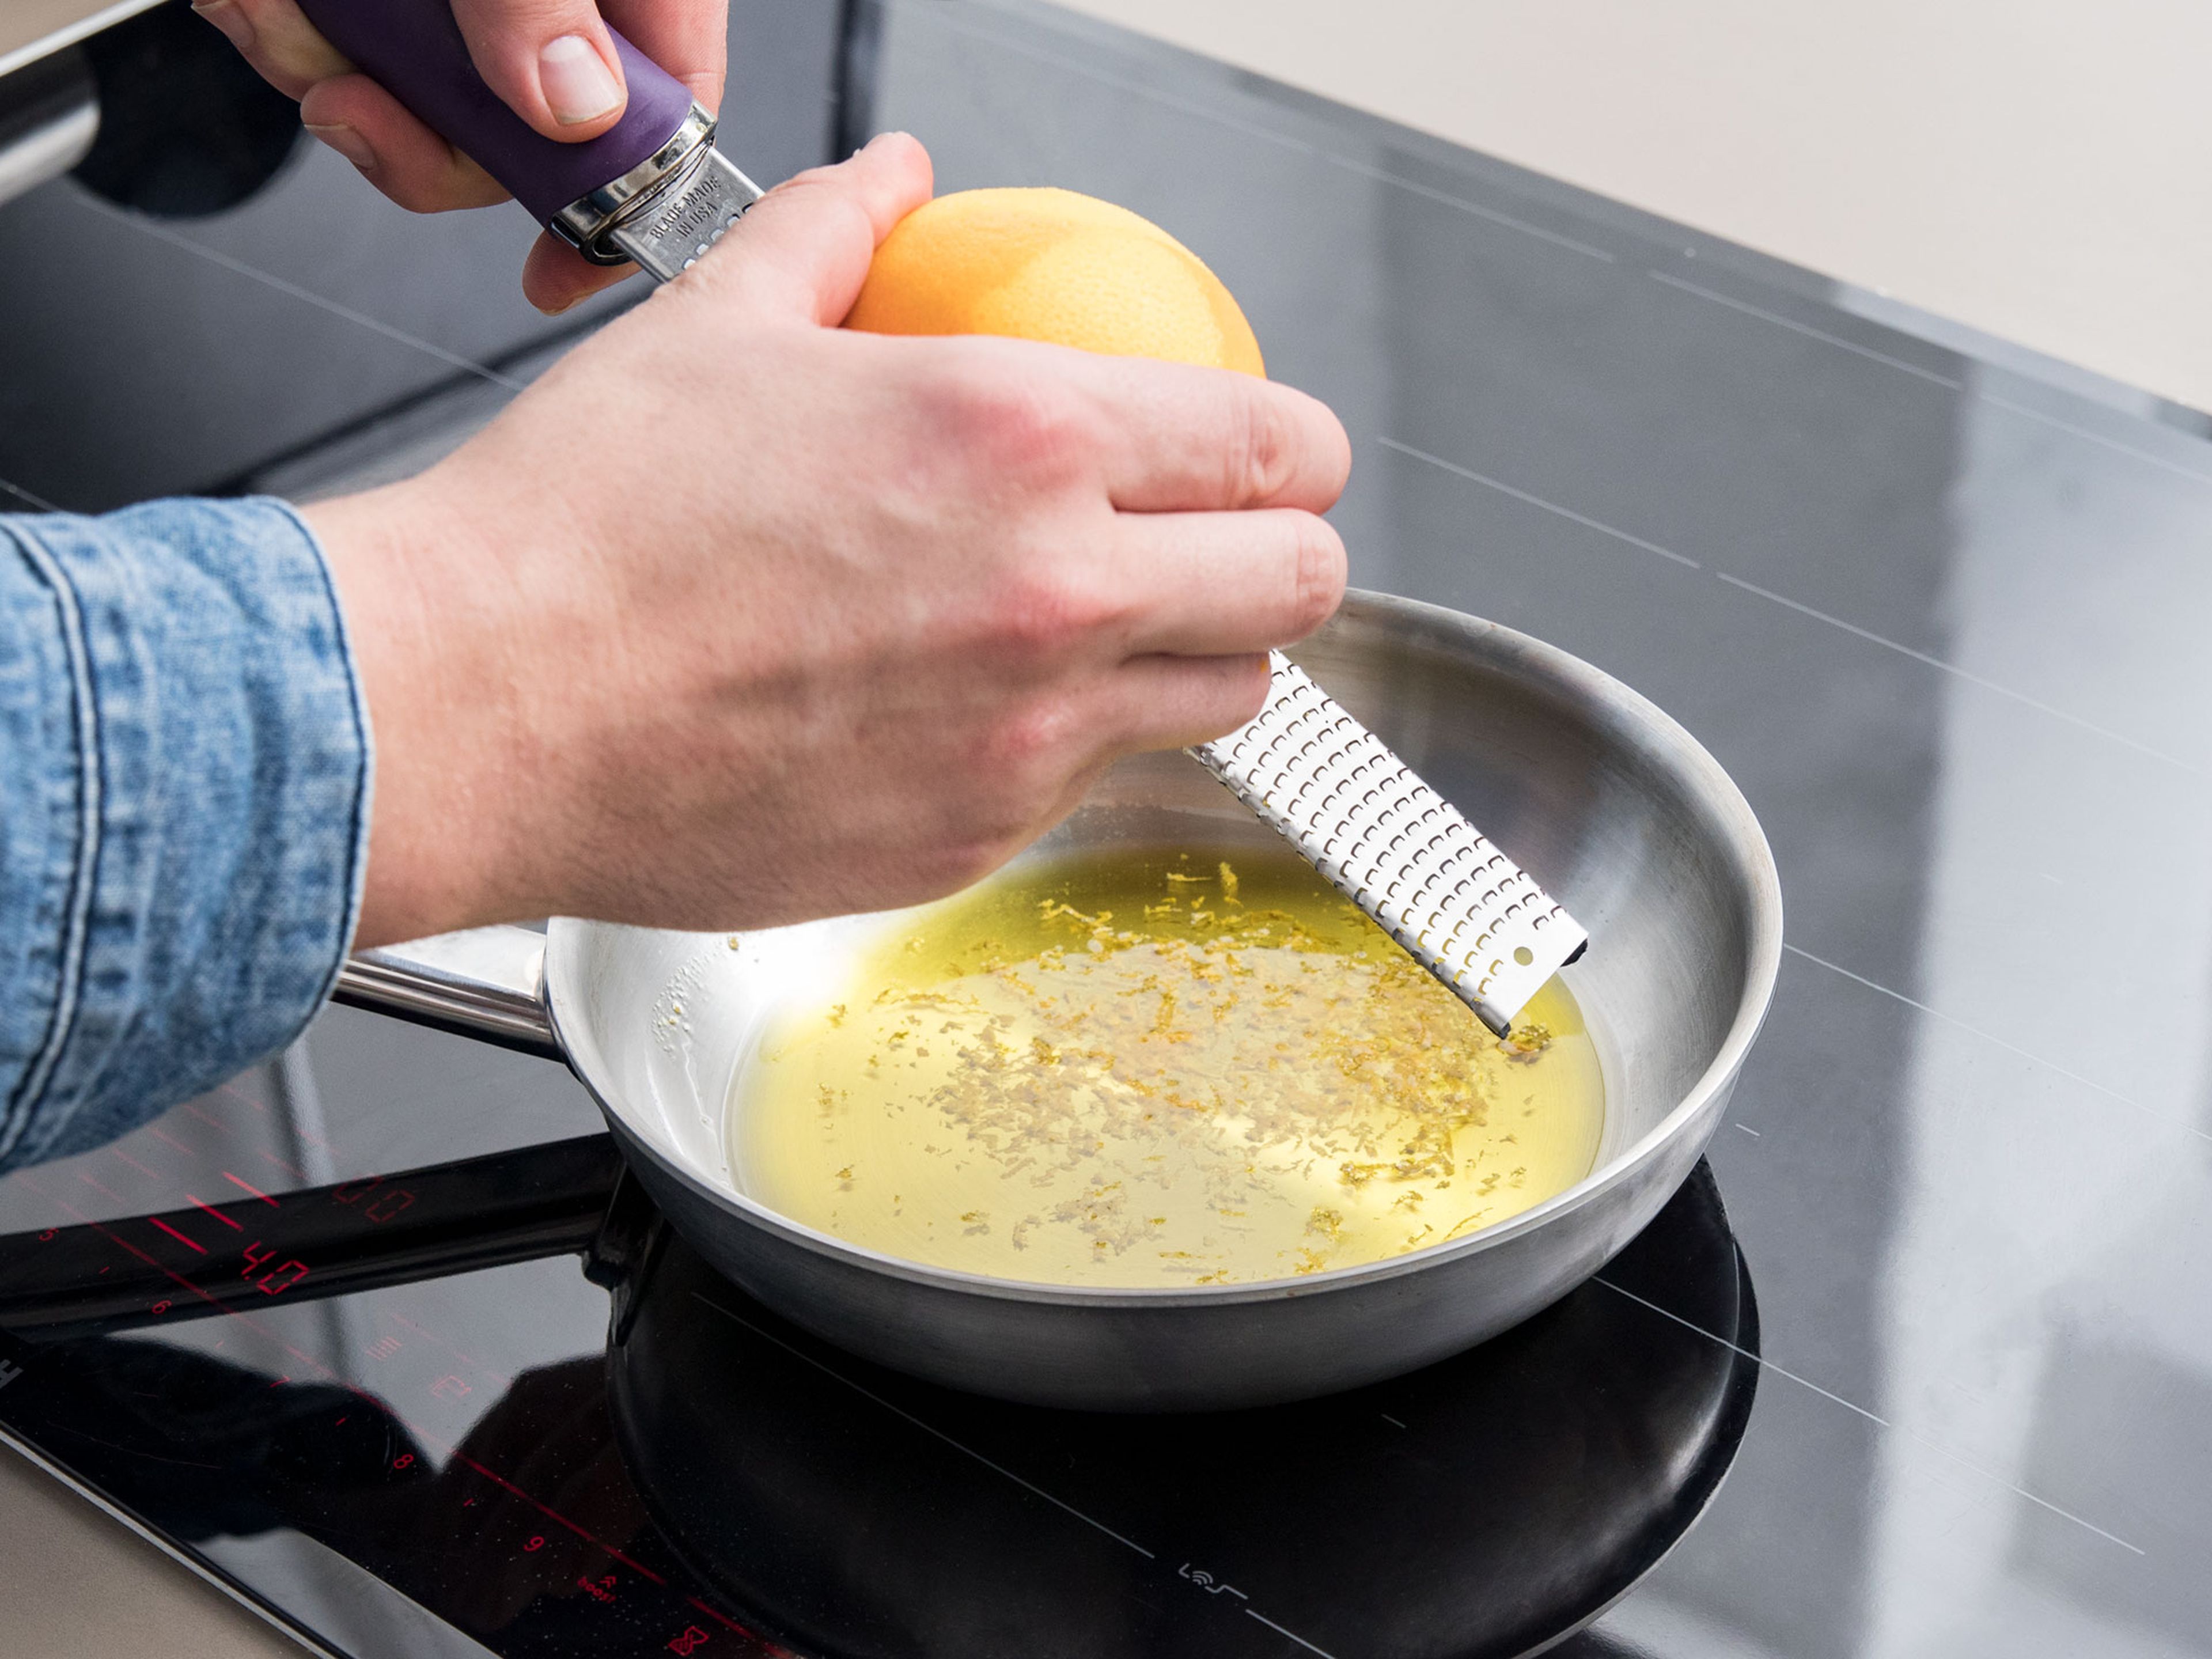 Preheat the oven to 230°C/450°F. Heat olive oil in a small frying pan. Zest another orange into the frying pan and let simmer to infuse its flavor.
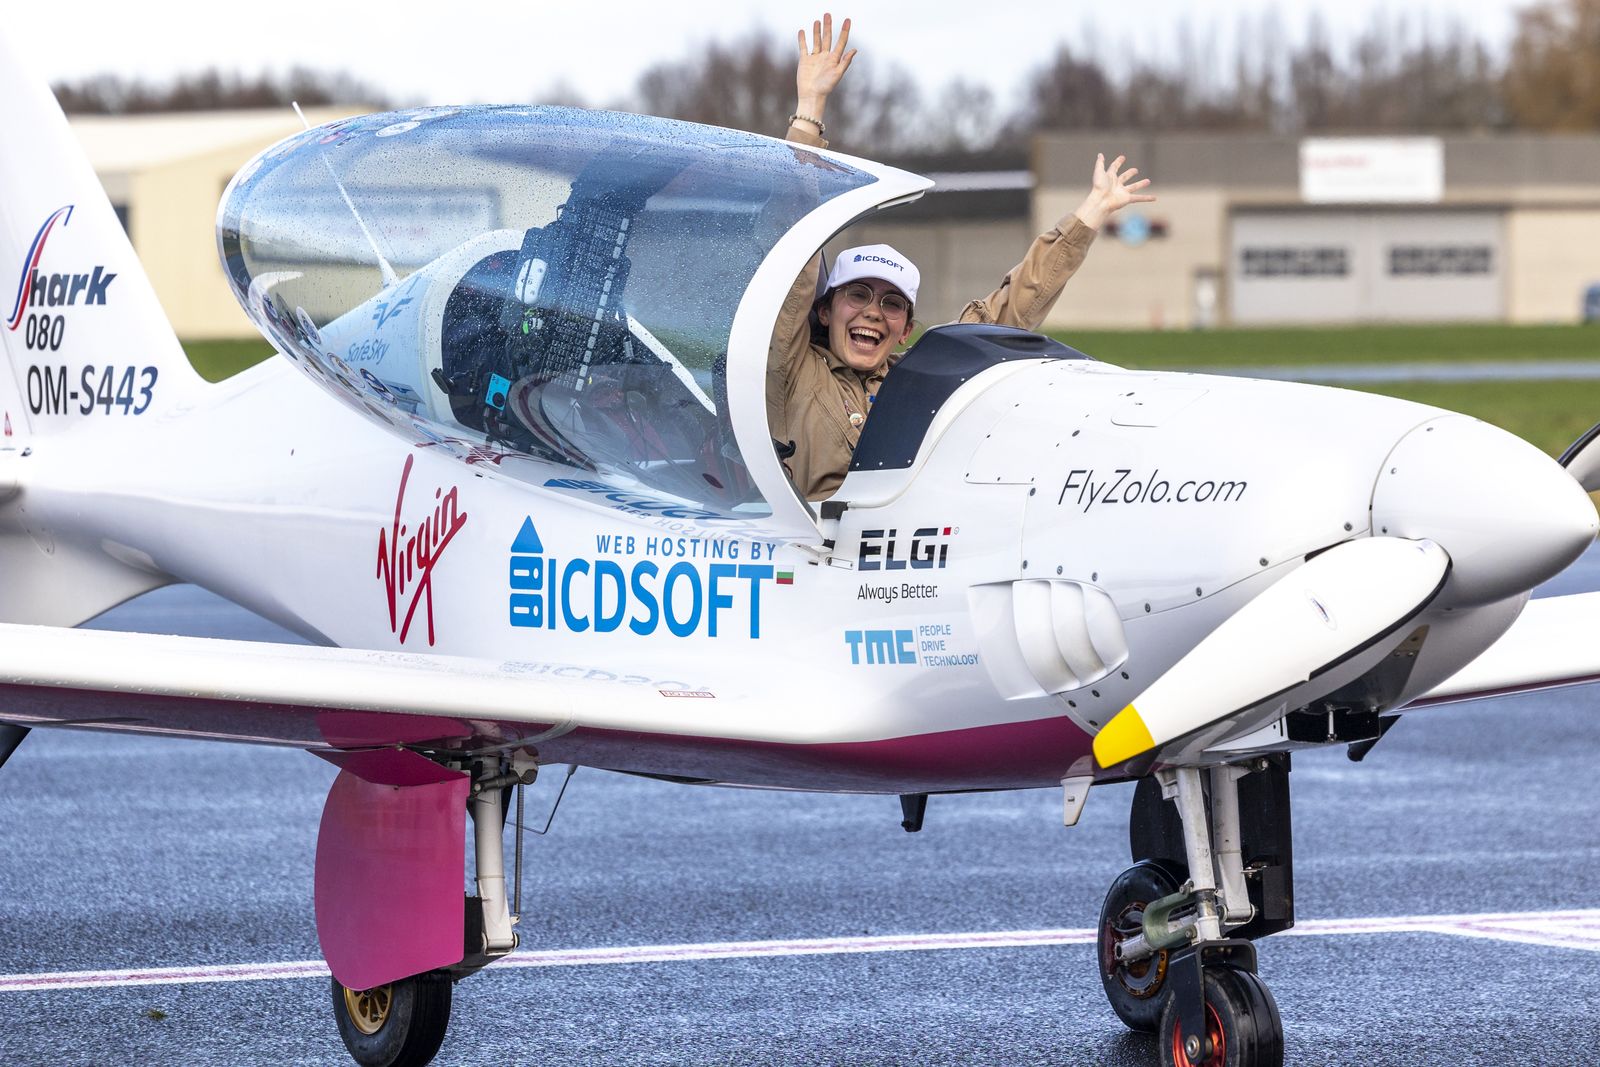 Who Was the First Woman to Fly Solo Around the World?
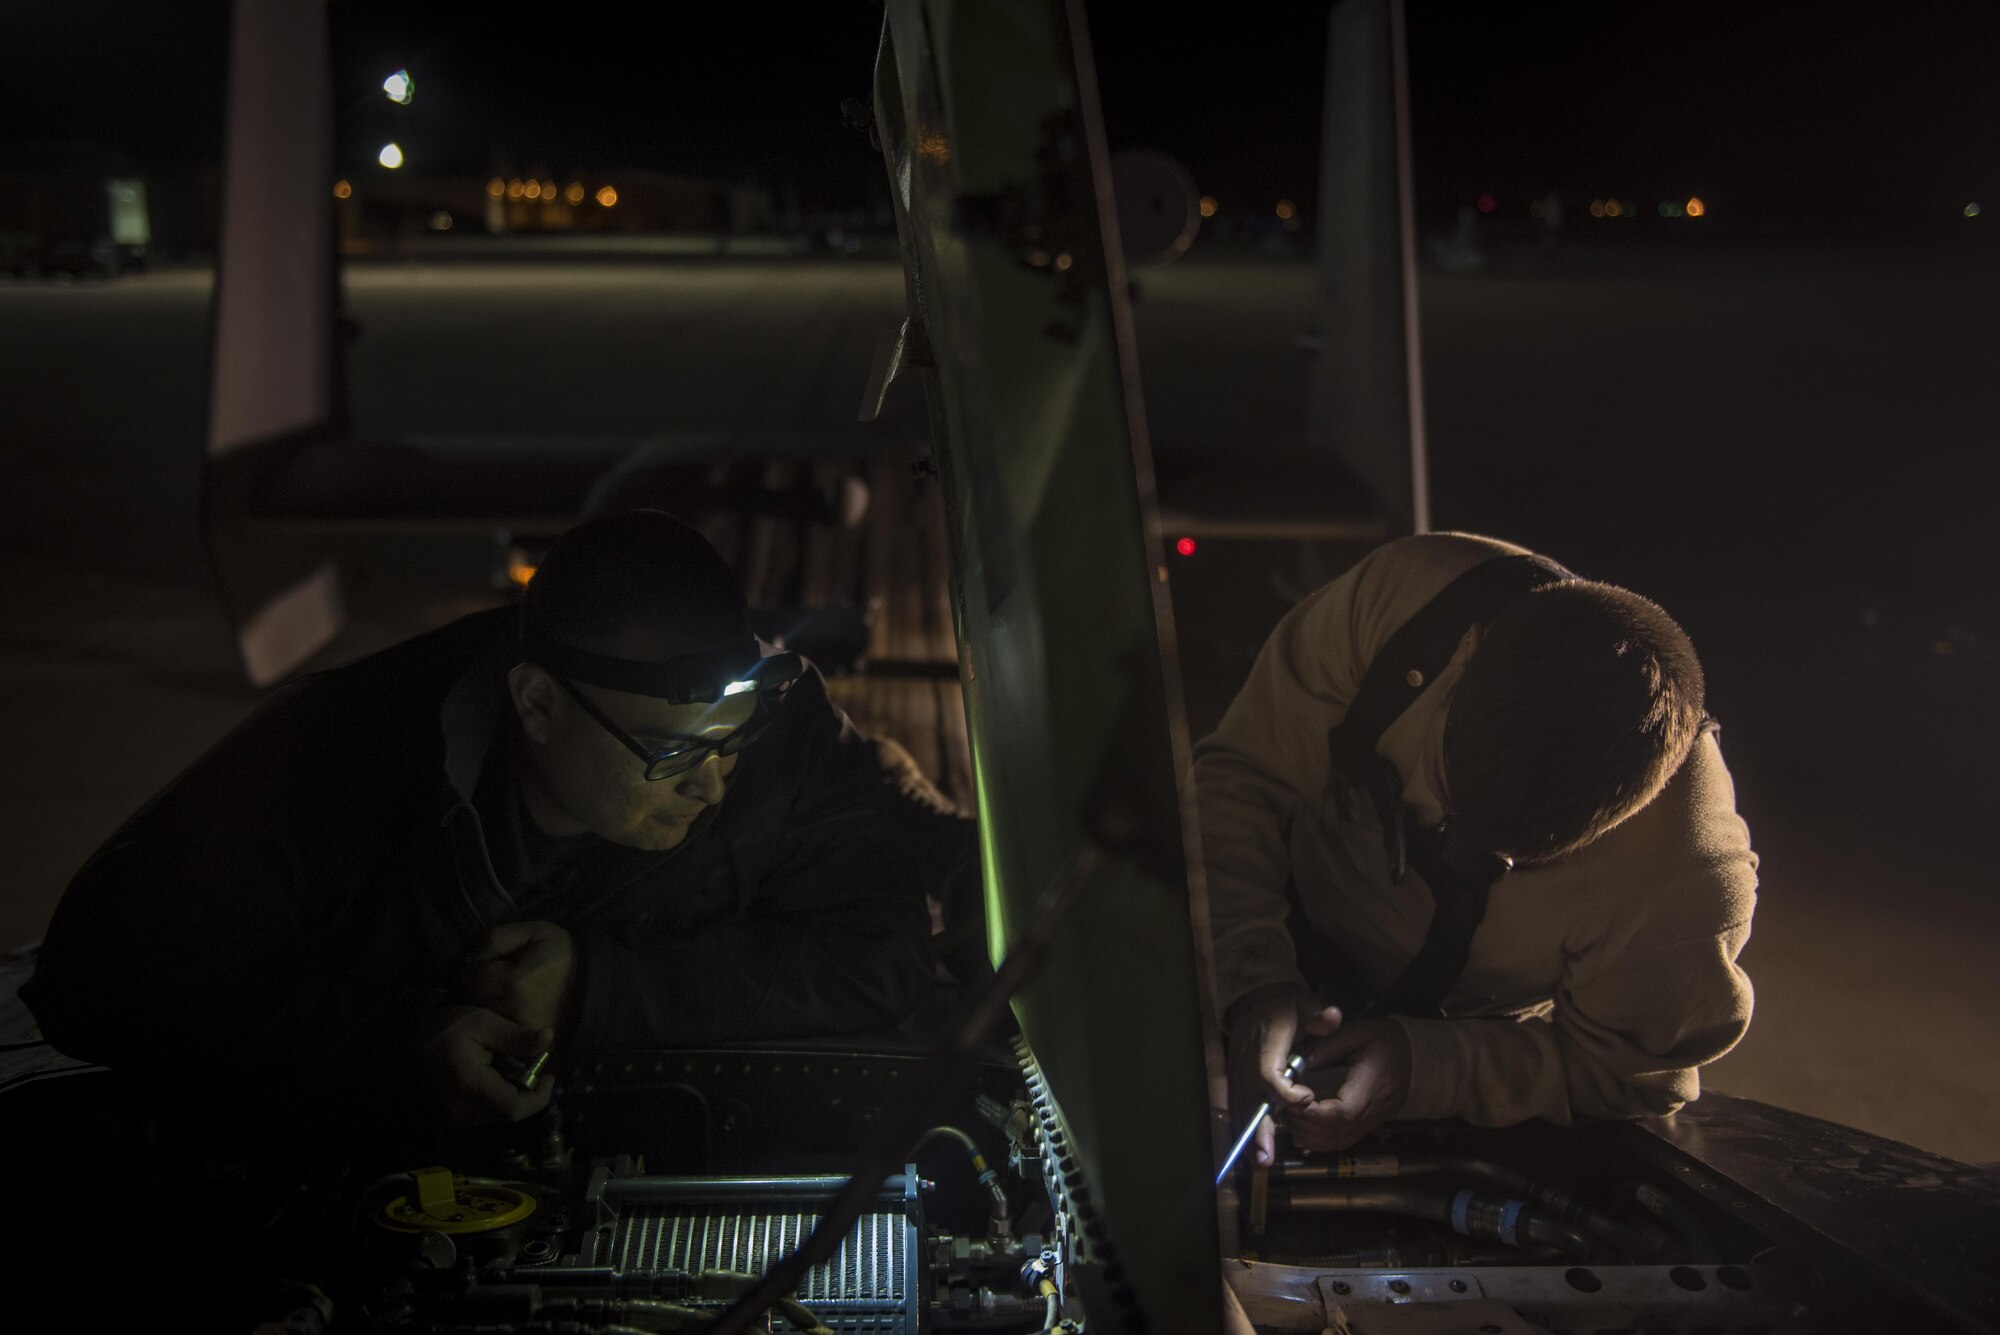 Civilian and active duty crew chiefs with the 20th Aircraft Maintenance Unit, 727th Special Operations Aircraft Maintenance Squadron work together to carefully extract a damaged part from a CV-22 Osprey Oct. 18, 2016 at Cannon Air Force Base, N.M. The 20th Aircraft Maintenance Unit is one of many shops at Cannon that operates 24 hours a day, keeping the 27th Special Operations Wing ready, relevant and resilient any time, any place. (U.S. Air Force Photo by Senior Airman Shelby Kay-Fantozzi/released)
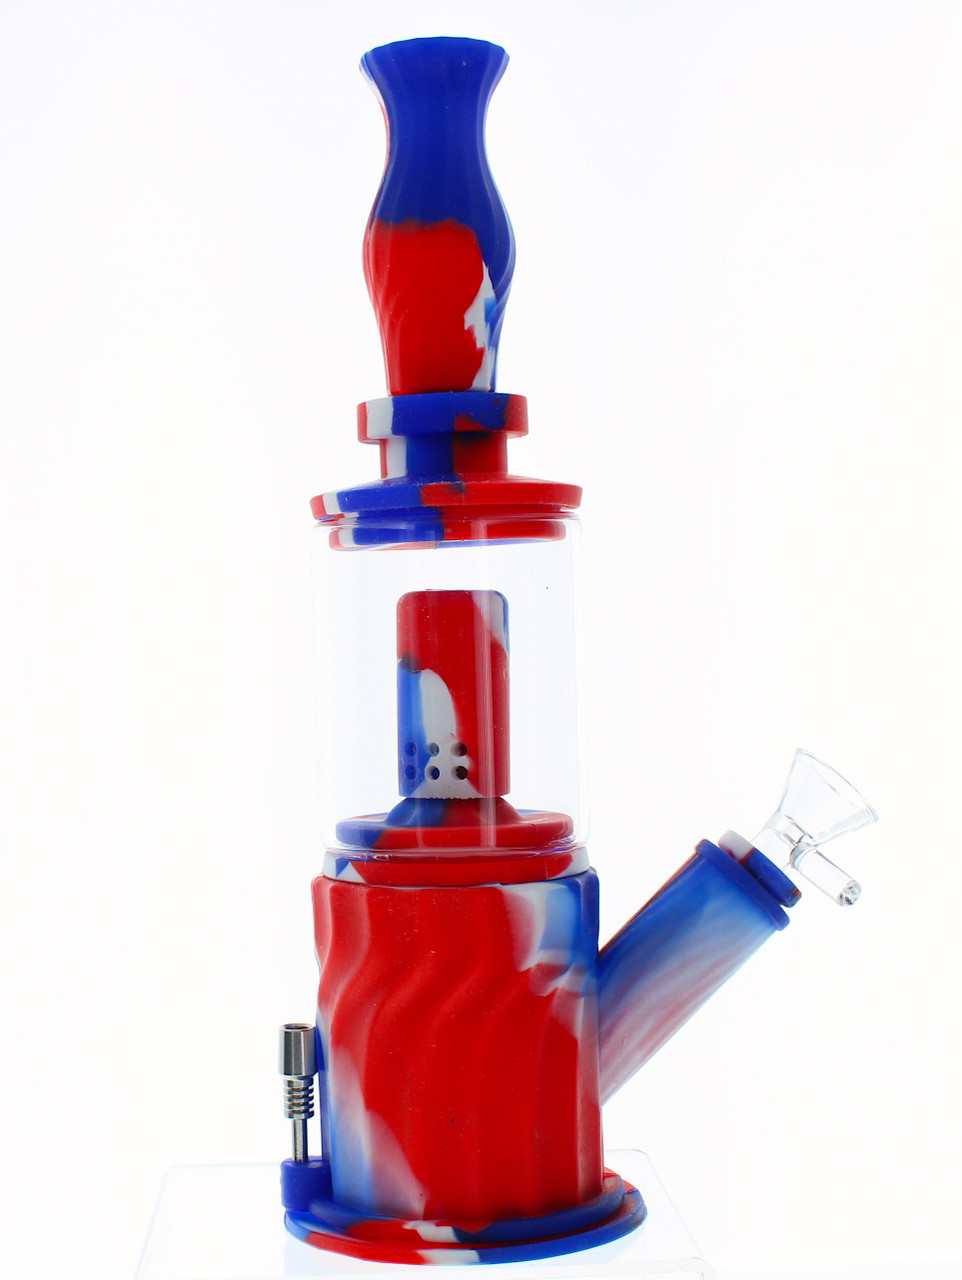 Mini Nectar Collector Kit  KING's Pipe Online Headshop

### EXERCISE GOAL
Repeat each line of the material exactly, please, and skip every picture.

### ANSWER SPACE
 Preheat the oven to 230°C/450°F. Heat olive oil in a small frying pan. Zest another orange into the frying pan and let simmer to infuse its flavor.
 Who Was the First Woman to Fly Solo Around the World?
 Civilian and active duty crew chiefs with the 20th Aircraft Maintenance Unit, 727th Special Operations Aircraft Maintenance Squadron work together to carefully extract a damaged part from a CV-22 Osprey Oct. 18, 2016 at Cannon Air Force Base, N.M. The 20th Aircraft Maintenance Unit is one of many shops at Cannon that operates 24 hours a day, keeping the 27th Special Operations Wing ready, relevant and resilient any time, any place. (U.S. Air Force Photo by Senior Airman Shelby Kay-Fantozzi/released)
 Mini Nectar Collector Kit  KING's Pipe Online Headshop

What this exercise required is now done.